■ **Entries provided**:
□ □ □ □ □

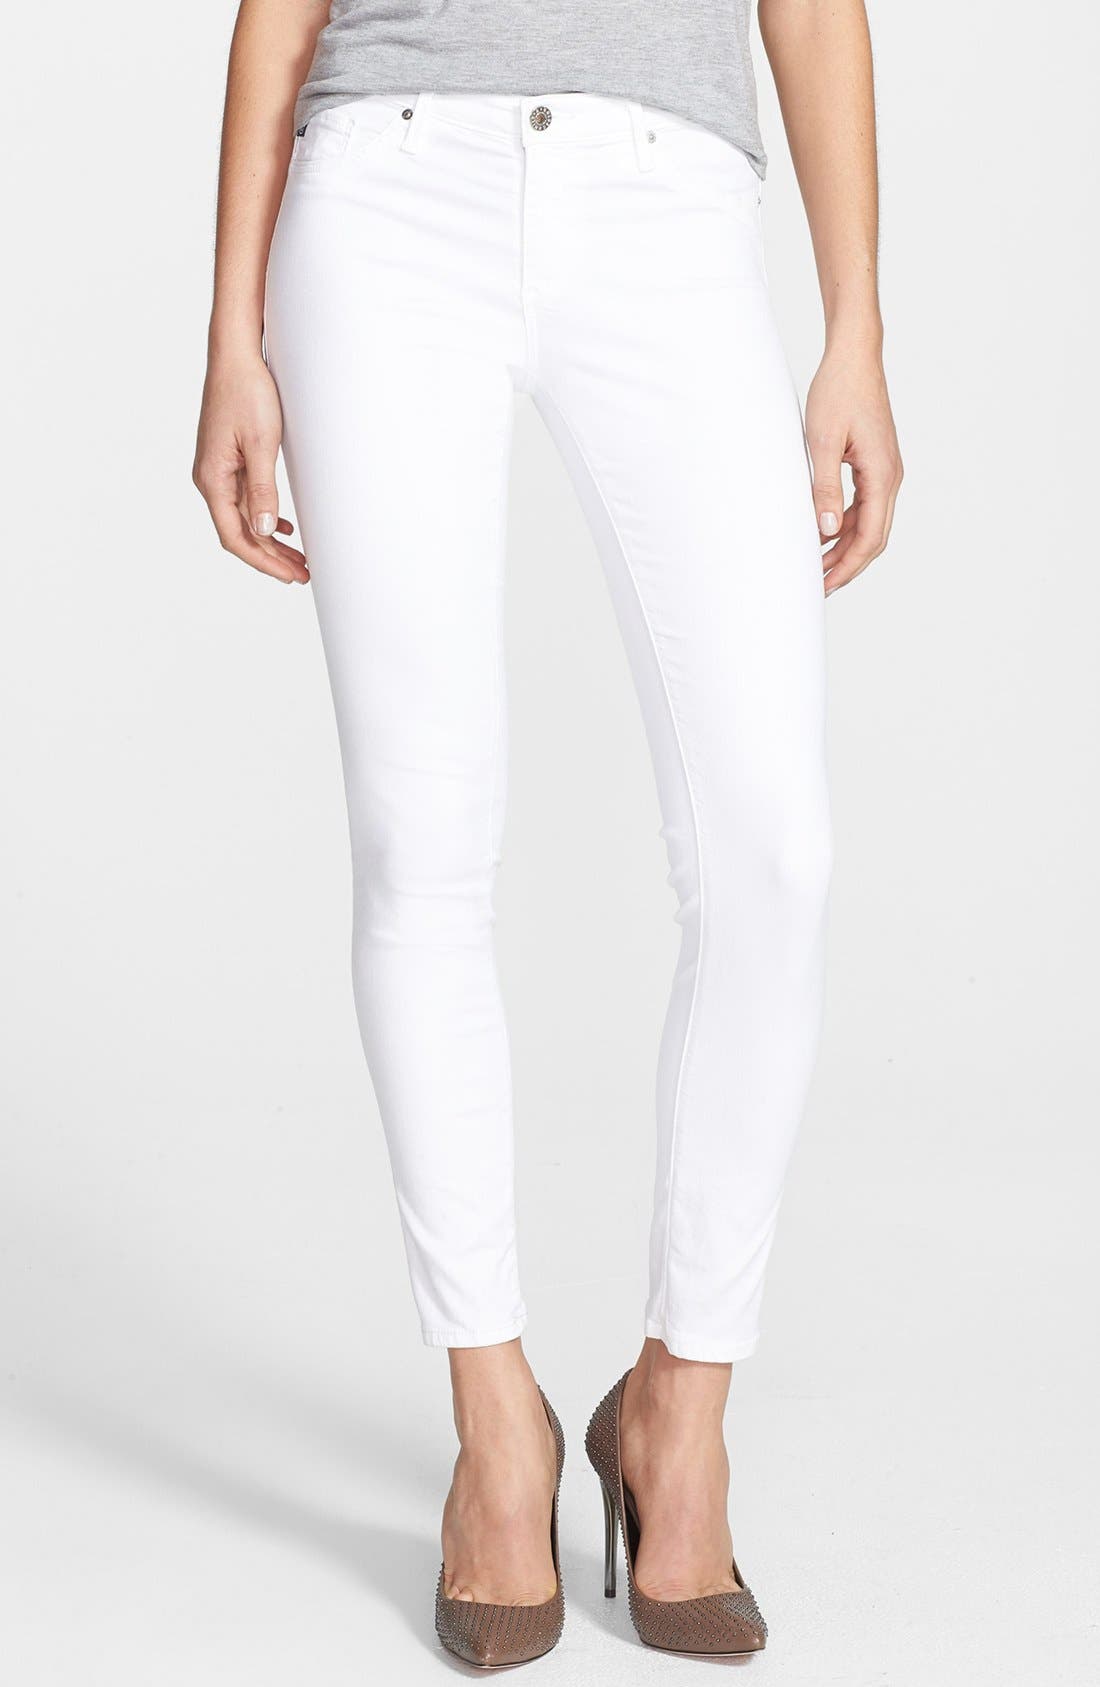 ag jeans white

□ □ □ □ □

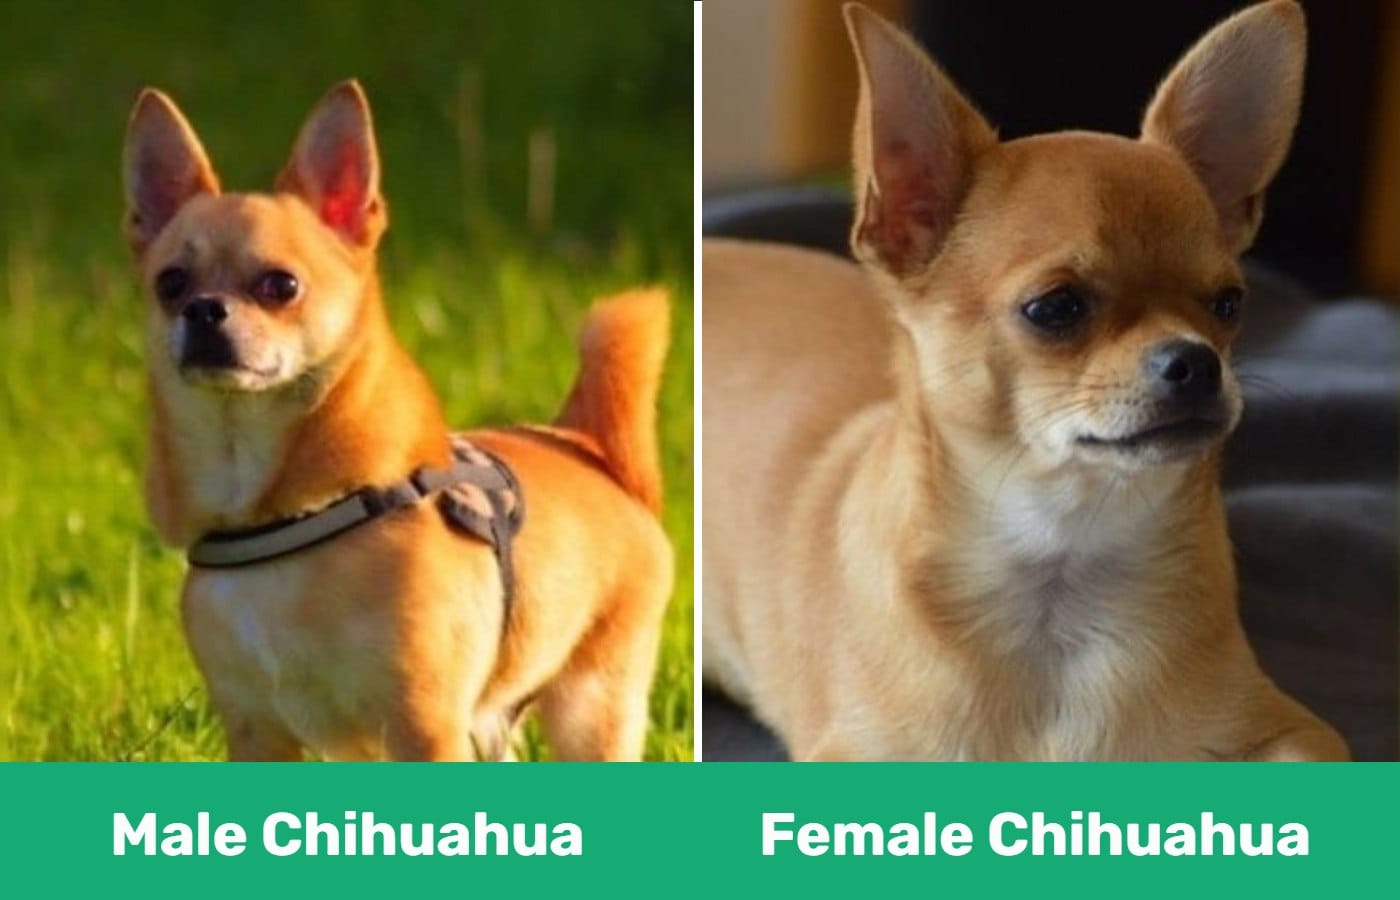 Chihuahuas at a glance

□ □ □ □ □

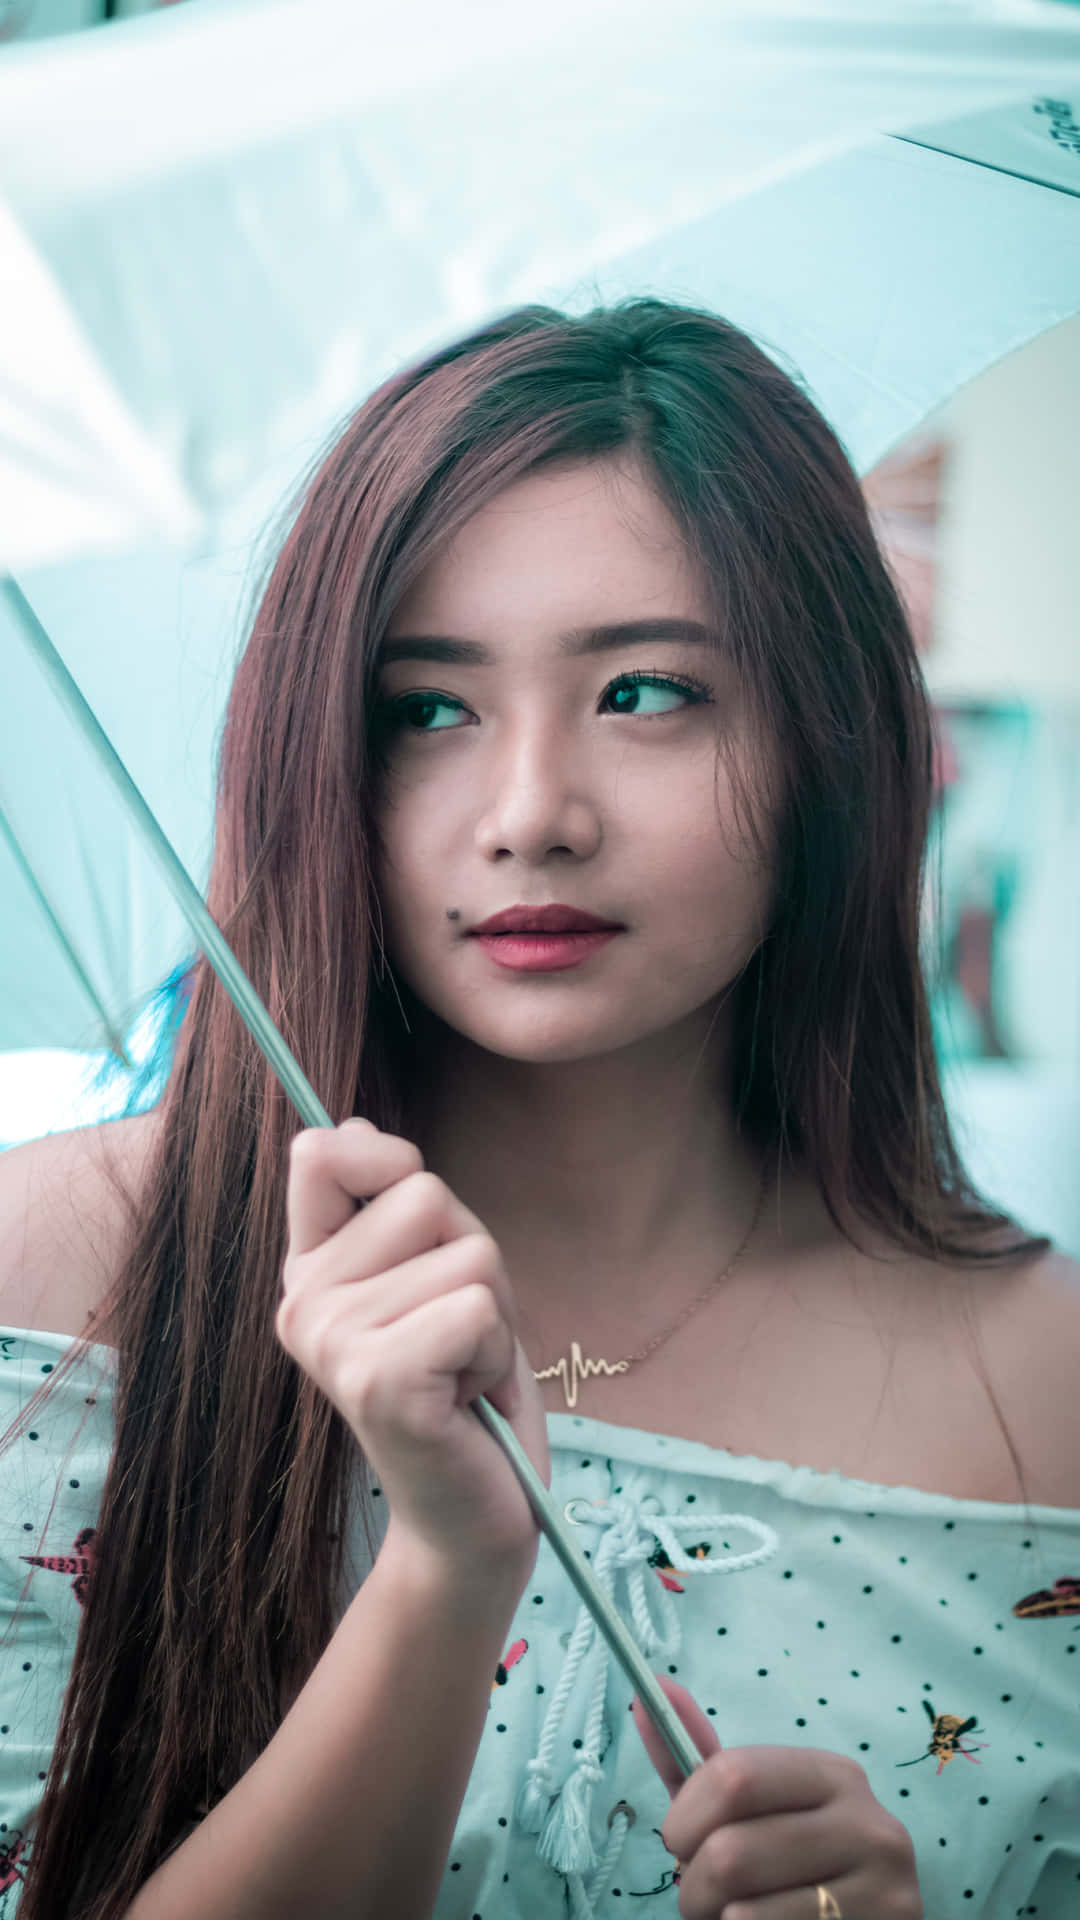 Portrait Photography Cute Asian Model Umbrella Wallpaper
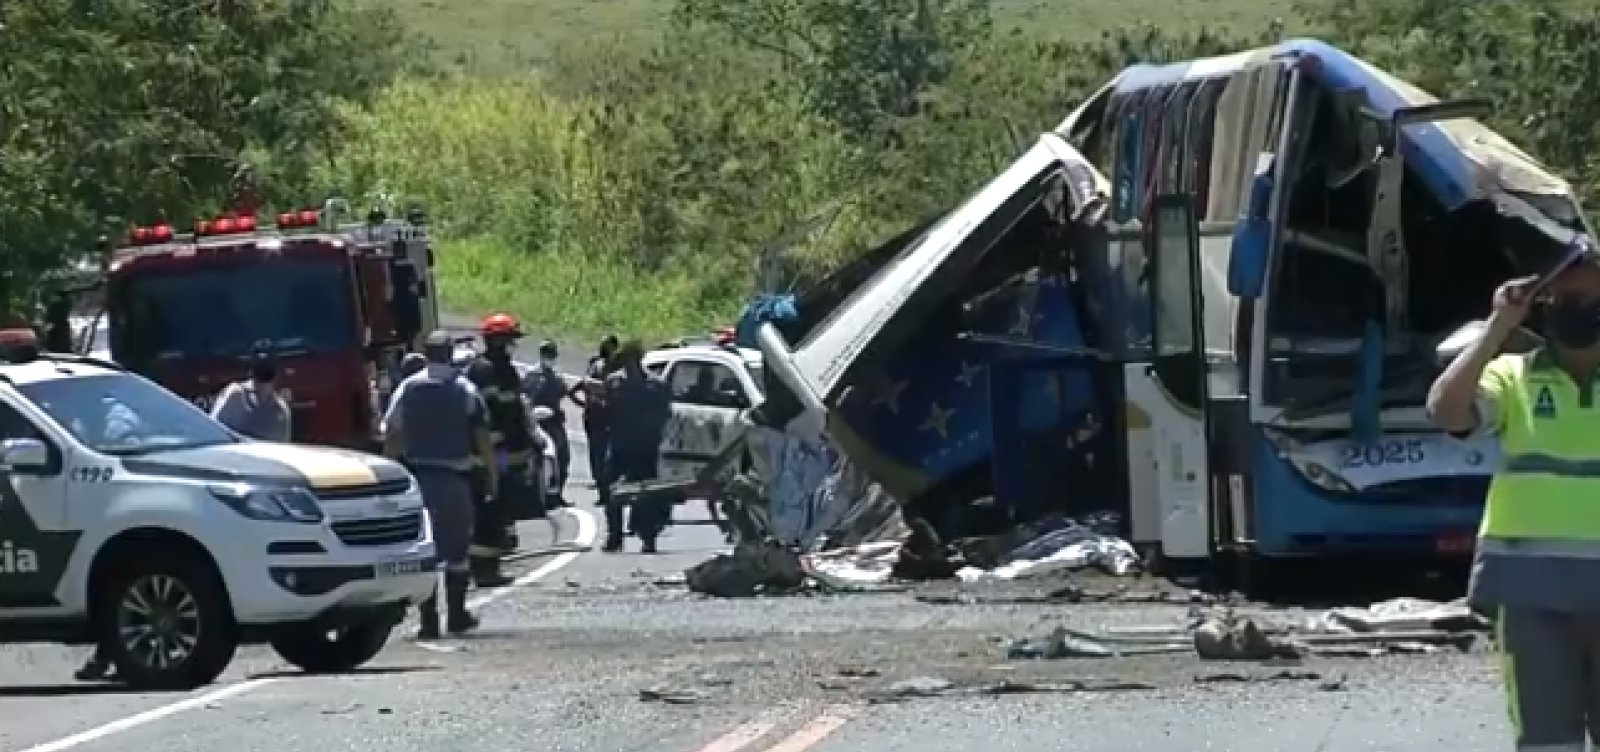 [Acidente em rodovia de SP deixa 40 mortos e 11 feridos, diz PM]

□ □ □ □ □

In the records above, find the line containing "Portrait Photography Cute" and the line containing "[Acidente em rodovia", then give both of them again word for word along with every line between. Omit any pictures.

■ **Solution for this problem**:
 Portrait Photography Cute Asian Model Umbrella Wallpaper
 [Acidente em rodovia de SP deixa 40 mortos e 11 feridos, diz PM]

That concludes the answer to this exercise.